Short Takes: July 2013 | Chronogram Magazine

Short Takes: July 2013

Foraging & Feasting: A Field Guide to Raging & Feasting: A Field Guide and Wild Food Cookbook
Dina Falconi, illustrated by Wendy Hollender

This sumptuous book weds the talents of two Hudson Valley treasures: herbalist Dina Falconi and botanical illustrator Wendy Hollender. Presenting the ancient art of gathering plants with contagious enthusiasm—“to forage means to dance with the land”—they detail each plant’s seasonal cycles, habitat, and culinary uses. Flexible recipes and beautiful, scrupulously accurate drawings create a nourishing feast for the palate, eyes, and soul. Book release party 7/14, 4-7pm, at Hollengold Farm in Accord.

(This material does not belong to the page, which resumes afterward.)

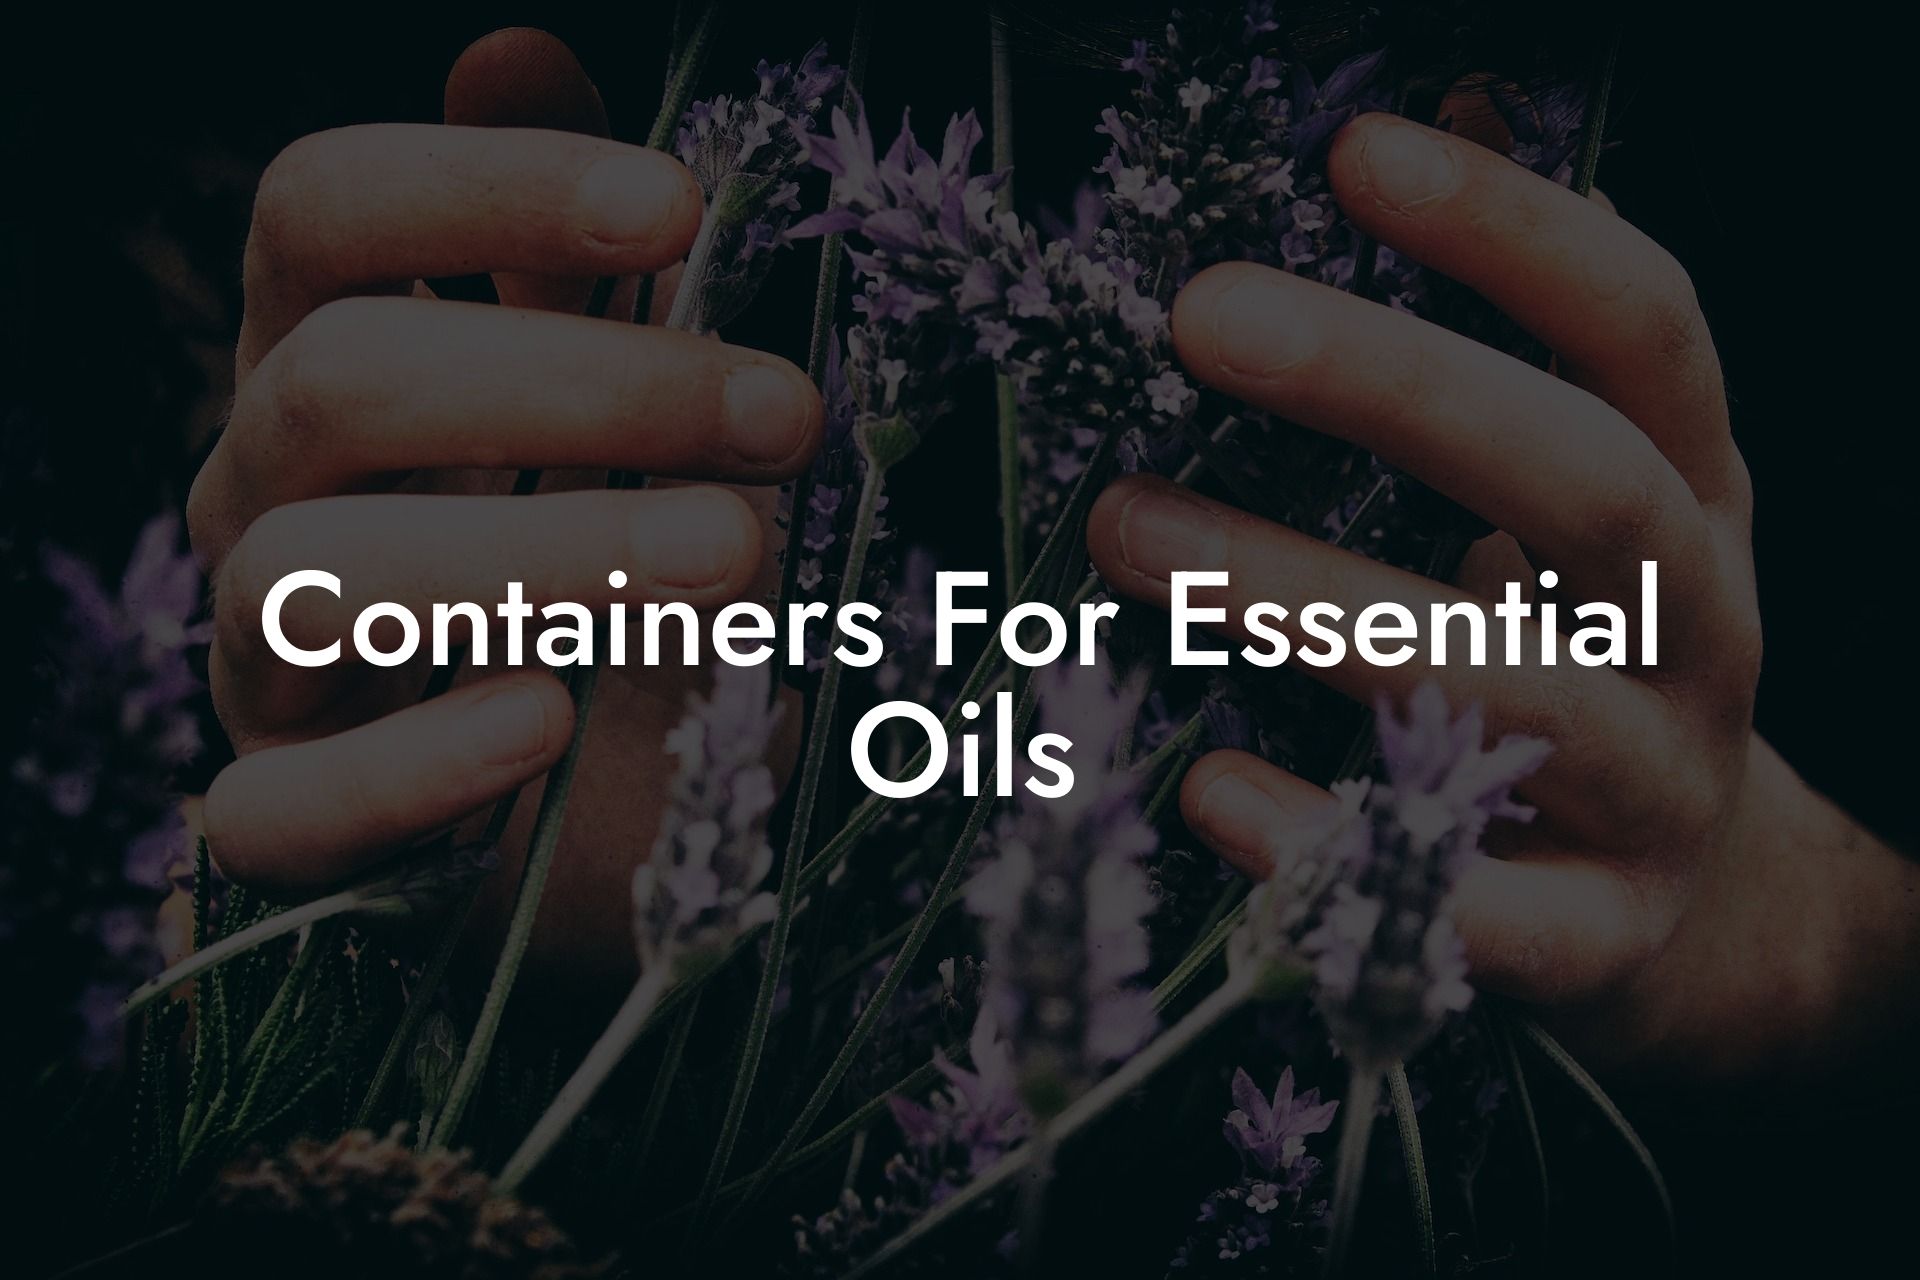 Containers For Essential Oils

Foodopoly: The Battle over the Future of Food and Farming in America
Wenonah Hauter

Another great reason to forage. Food & Water Watch executive director and CSA farmer Hauter provides a stomach-churning overview of American food policy and factory farming gone amok. “We cannot shop our way to a better food future,” she warns, urging consumers to look beyond local-food alternatives to political activism, demanding new antitrust laws and safeguards against GMOs, chemical additives, and corporate manipulations. Appearing 7/2 at 7pm, Golden Notebook, Woodstock.








Starglass
Phoebe North

You don’t have to be Jewish to love Starglass, but it’s the dominant culture aboard the Asherah, a generation starship that left a doomed earth 500 years ago and is nearing a possibly viable planet. Apprentice botanist Terra, learning to maintain the ship’s precious crops and seeds, stumbles into political intrigues that don’t stop at murder. Highland resident North has a soaring imagination and a grounded connection to teens’ inner lives. Appearing 7/21 at 4pm, Oblong Rhinebeck; 7/27 at 4pm, Esopus Library.

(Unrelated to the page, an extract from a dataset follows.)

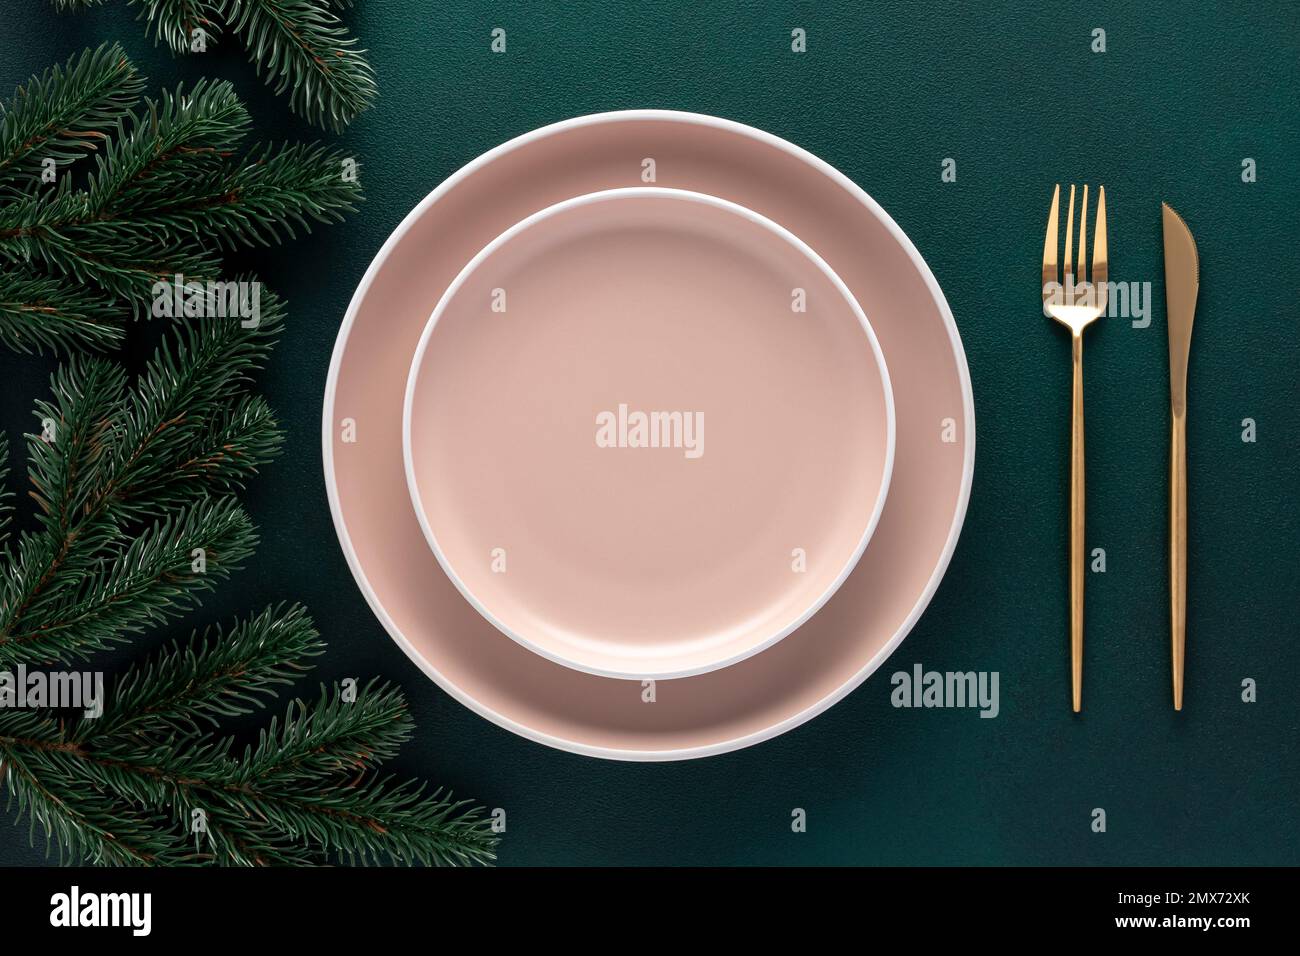 Empty beige plates on a dark green background. Top view. Card or menu template, flat design. Tableware, crockery. Aerial view, copy space. Christmas t Stock Photo

The Cassoulet Saved Our Marriage: True Tales of Food, Famly, & How We Learn to Eat
Edited by Catherine M. Grant & Lisa Catherine Harper

“Nothing is more interesting than that something that you eat,” Gertrude Stein wrote. It’s an apt epigraph for this wide-ranging compendium of 28 essays about the personal and cultural meanings of food, each followed by a significant recipe. Chronogram’s Kids & Family editor Bethany Saltman meditates on an ill-fitting father and daughter who nevertheless connect through a shared “devotion to food,” with instructions for improvising a “Mystical Gravy.”









Food Truck 411: Essential Information to Run a Successful Food Truck
Brian Branigan, recipes & design by Allison Culbertson

Outdoor eating is a ritual of summer, and food trucks are as trendy as beards in Bushwick; you can kiss the Sabrett cart goodbye. The husband/wife team behind Hudson’s legendary Tortillaville have cooked up a feast of a book for food truck entrepreneurs and fans. Blending a chef’s-eye “week-in-the-life” with step-by-step business advice, 30 “artisanal recipes” for mouthwatering Mexican specialties, and a sprinkling of savory photos, this mentor-in-print will get you ready to roll.

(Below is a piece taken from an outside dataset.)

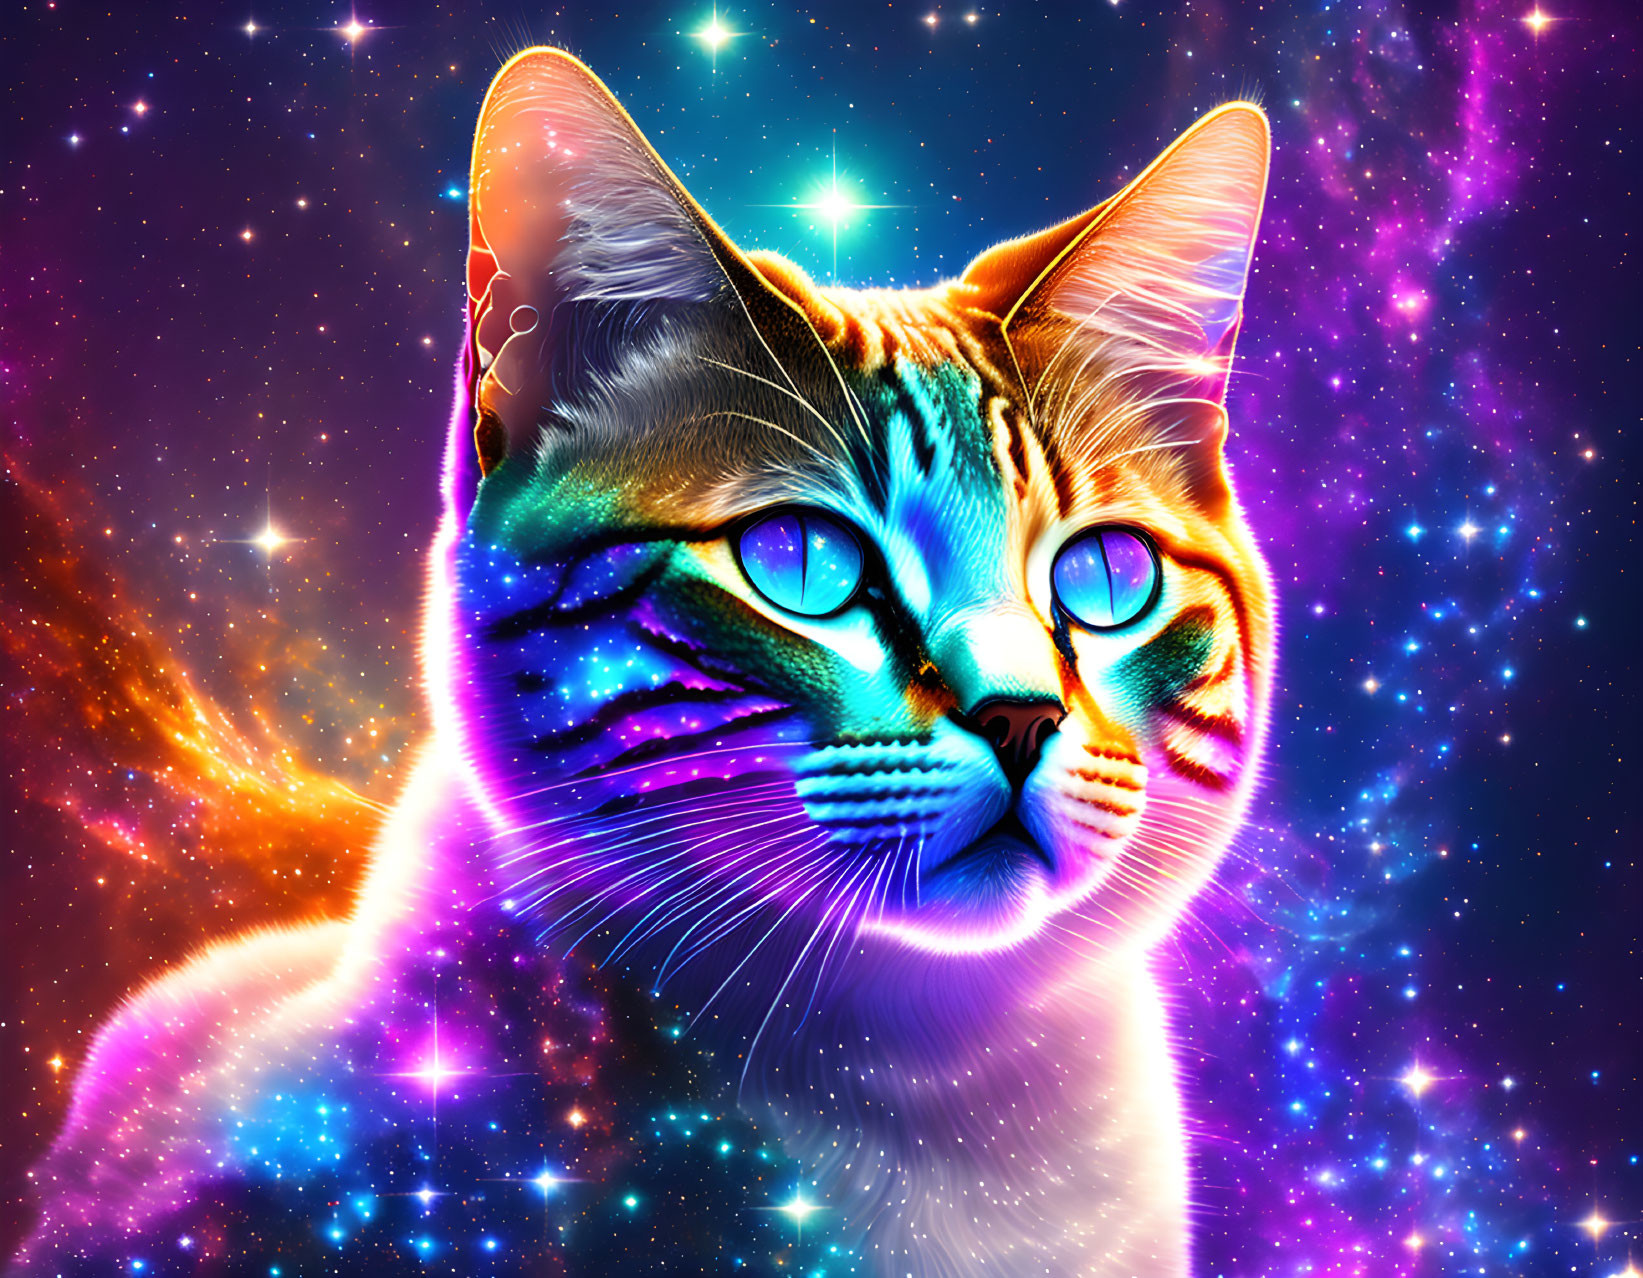 Crystal Cat In The Middle Of The Galaxy

Animal Camp: Reflections on a Decade of Love, Hope, and Veganism at Catskill Animal Sanctuary Kathy Stevens

This significantly revised and expanded edition of Stevens’s second book and the just-released paperback of Jenny Brown and Gretchen Primack’s The Lucky Ones offer an ardent hymn to the power of local animal sanctuaries and veganism to save lives of all species, including our own. By painting loving portraits of some of the 2,000 individuals rescued by CAS during its first decade, Stevens underlines her conviction that “we’re all the same in ways that matter.”